Il disco di esordio si
presenta talmente innovativo e convincente da costituire imprescindibile punto
di riferimento per tanti artisti che verranno dopo. Marquee moon non si
presta a facili definizioni, perché porta avanti il discorso del punk e lo
supera. Si potrebbe citare un altro lavoro coevo, ovvero The scream di Siouxsie
and the Banshees; rispetto a quest’ultimo, però, l’album di Verlaine e soci è
portatore di una forza ancora più dirompente. É l’anello di congiunzione tra il
punk e la new wave, tra due modi differenti di esprimere il malessere
esistenziale: se il primo era velocità e due accordi, i Television dimostrano
invece di saper suonare e, soprattutto, di farlo con un proprio stile.
Da rimarcare la
centralità dei testi. Il nome d’arte del leader del gruppo è un chiaro omaggio
al grande poeta francese; le sue liriche sono criptiche e visionarie, dense di immagini
distorte e riflesse, tra l’illusione e l’allucinazione. Raccontano il male di
vivere, l’incapacità di esprimersi dell’uomo contemporaneo. Un’immagine su
tutte: nel brano che dà il titolo all’album appare l’inquietante figura di
un’auto che esce da un cimitero e invita il protagonista a montare su, per
condurlo nei luoghi più remoti e oscuri del suo animo.
Otto le tracce. La
title track, di oltre dieci minuti, è un lungo viaggio nelle tentazioni
oniriche di Verlaine, un impasto stridente di chitarre che seguono due linee
melodiche diverse, con un perfetto innesto della sezione ritmica. Ipnotica e allucinante, è destinata a rimanere a lungo nella mente dell’ascoltatore.

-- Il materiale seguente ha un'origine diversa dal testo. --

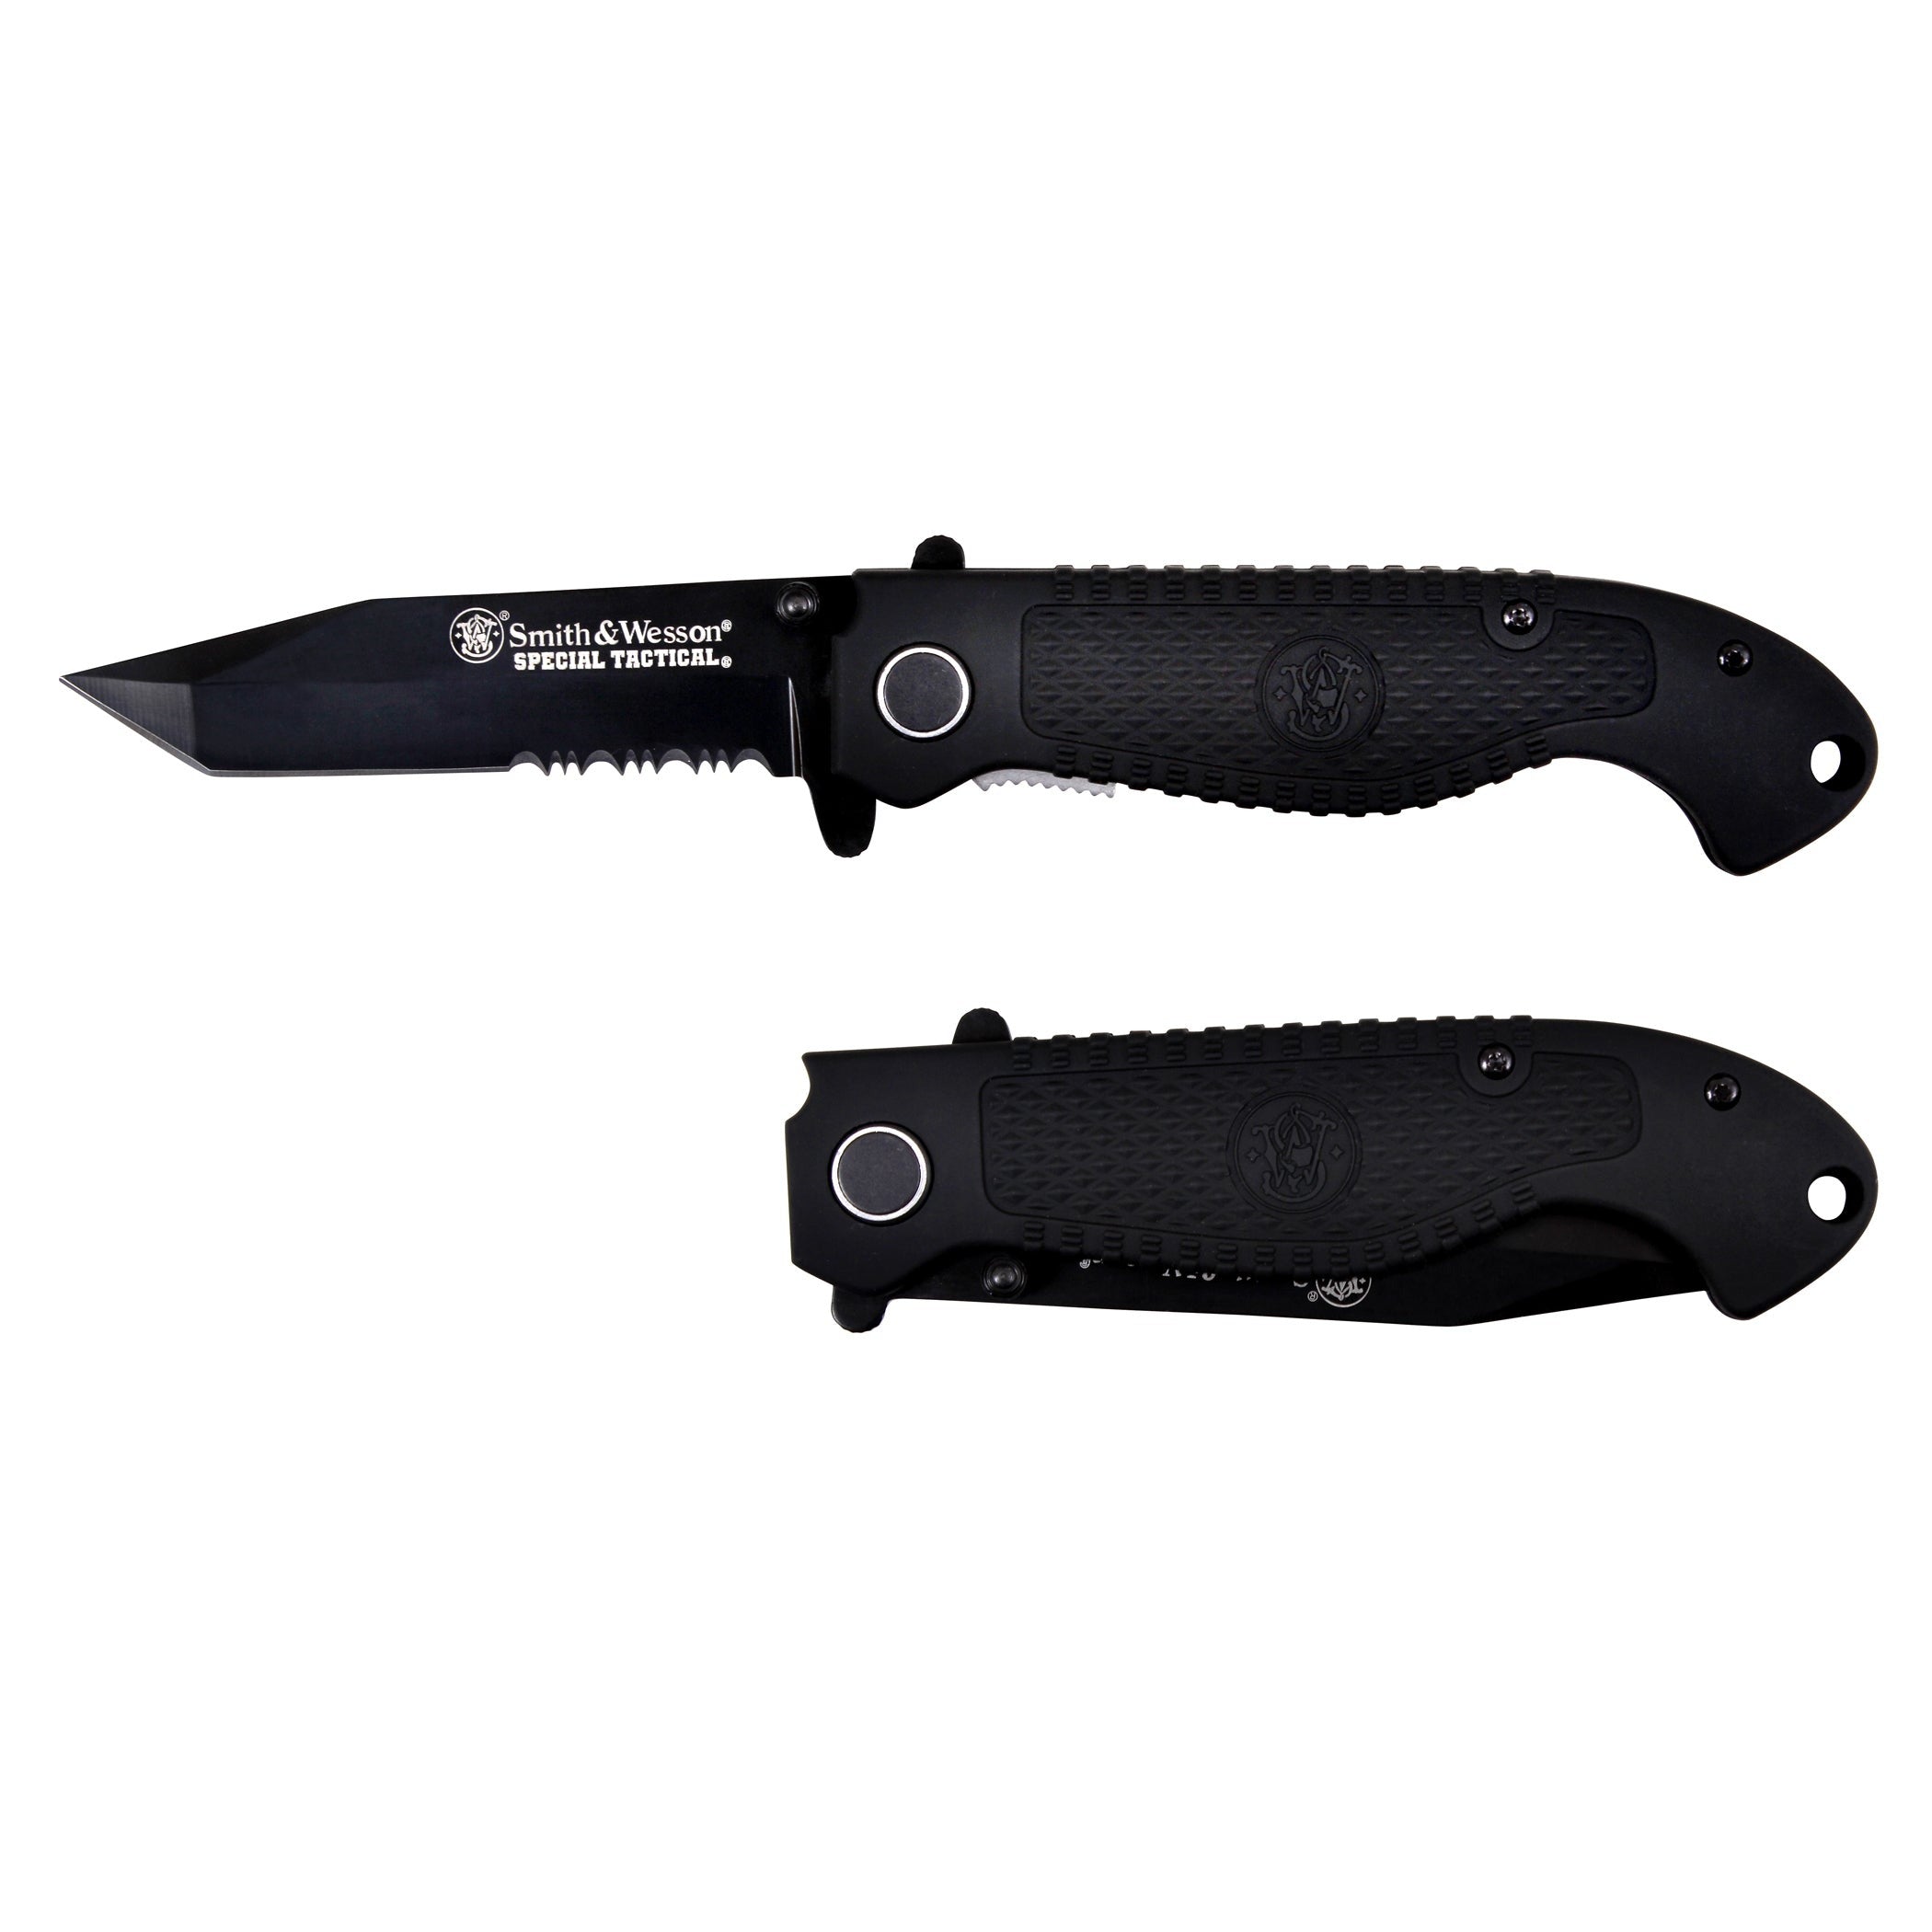 Smith & Wesson Special Tactical Folding Knife - The Bikers' Den

Seguono le divagazioni crepuscolari di Friction ed Elevation, gli sprazzi di
luce di Guiding light (a dirci che non tutto è perduto), la melodia
apparentemente balneare di Prove it, nonché quello che – a mio modesto avviso –
è il capolavoro dell’intero disco: Venus. Il brano, che richiama atmosfere velvettiane,
è un incedere maestoso culminante nell’epico ritornello, dove Tom, senza
nascondersi, ammette di essere “caduto tra le braccia della Venere di Milo”,
approdo di un’esistenza votata all’indagine degli aspetti più reconditi e immaginari dell’esperienza umana. Chiude il disco Torn curtain, epica e
teatrale, che lascia intravedere altri mondi possibili oltre il velo della
tenda, al di là dello scuro sipario.
A quasi quarant’anni
dall’uscita, resta un disco fondamentale, che avrebbe meritato ben altra
fortuna. I Television spariranno di lì a poco, ma con l’orgoglio di aver
composto un lavoro originale, l’anello mancante, la traccia di collegamento tra
il punk e la new wave. Il tutto senza dimenticare il passato, che portava i
nomi di Velvet Underground, Jefferson Airplane e 13th Floor Elevators.